I attended the NBER Summer Institute in late July. We’re in the midst of a purple patch of research on eviction, with recent papers deepening our understanding of the causes, consequences, and potential policy remedies, and I was eager to see Humphries, Nelson, Nguyen, van Dijk, and Waldinger's new working paper, “Nonpayment and Eviction in the Rental Housing Market”, which I’m summarizing below:
The authors obtained (very cool) payment and eviction data for 6,000 tenants in midwestern cities from 2015 to 2019.
Using the raw data, the authors show that landlords tolerate some nonpayment and many tenants who fall behind on rent eventually recover. Interpreting the data through the lens of a structural model, they estimate that landlords mainly evict tenants with persistent payment issues (although there is a non-negligible share who are experiencing more transitory shocks).
The upshot is that eviction mitigation policies—short-term rental assistance, procedural interventions, and an eviction tax—largely delay the inevitable. Since most otherwise evicted tenants are suffering from persistent shocks, temporary delay is not enough to get them back on their feet.
To be clear, these policies still have benefits. The delay allows the smaller share of tenants facing transitory shocks to get back on track. And everyone benefits from the delay.
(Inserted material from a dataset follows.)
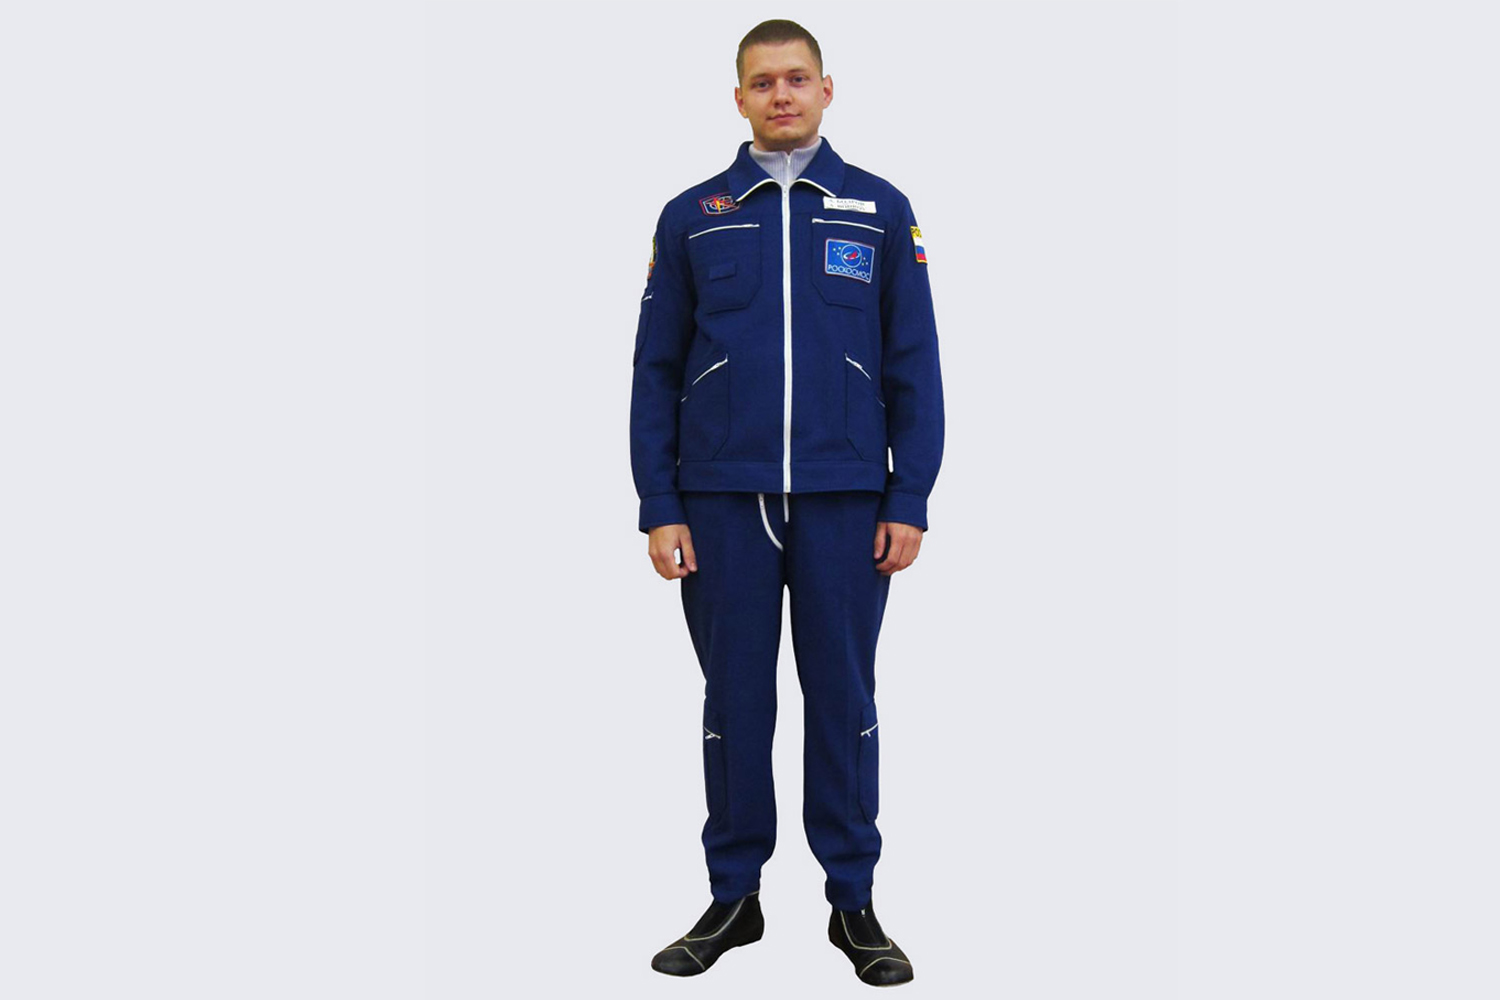 PK-14 คือ Flight suit คอลเลคชั่นล่าสุดจาก NPO SVEZDA ที่เน้นเรื่องความปลอดภัยมากขึ้น ในขณะเดียวกันก็ยังไม่ทิ้งความสบาย โดยเสื้อด้านในเป็นผ้าถัก รองรับอุณภูมิระดับ 18ºC

That said, eviction policies would have a larger benefit-cost ratio if targeted at the types of tenants (or during economic periods) where shocks are more transitory. Indeed, the literature on Chicago’s Homelessness Prevention Call Center – which explicitly targets temporary financial support to people facing transitory payment issues – finds salutary effects on use of homeless shelters, crime, and earnings for low income-earners.
— Neale Mahoney
Slowing wage growth is bad now?
The ongoing slowdown in nominal wage growth has mostly been celebrated as helpful in stabilizing inflation over the last 2+ years. But with inflation nearings its target and labor productivity growing faster than usual, further declines in nominal wage growth seem unnecessary.
Data from the Job Openings and Labor Turnover Survey (JOLTS) for June showed declines in hiring and separations, both of which have been trending down since roughly the beginning of 2022. June’s declines put the churn rate, the sum of the hire and separation rates, at 6.6 percent, much lower than it typically is in a strong labor market. Gvien the 80.8 percent of prime-age workers who were employed, the churn rate would have been nearly 8 percent under the pre-pandemic relationship between those two measures.
The current churn rate is more in line with what we saw a decade ago, when the labor market was much weaker and gradually recovering from the Great Recession. In light of that, consider the relationship between churn and year-ahead nominal wage growth:
Current churn points to something like 2-3 percent nominal wage growth over the next year, a continuation of the recent slowdown and likely in line with little to no real wage growth. If we’re looking at a labor market that is no longer delivering gains for workers, it’s time to stop celebrating slowing wage growth.
— Kevin Rinz
Really like this format, thanks you!
Looks like a discontinuity when the Churn rate gets to 7.75% - wage growth becomes independent of Churn and the labor market gets Wild West crazy.
If we're looking to maintain a smooth and predictable labor market, best to keep below that level.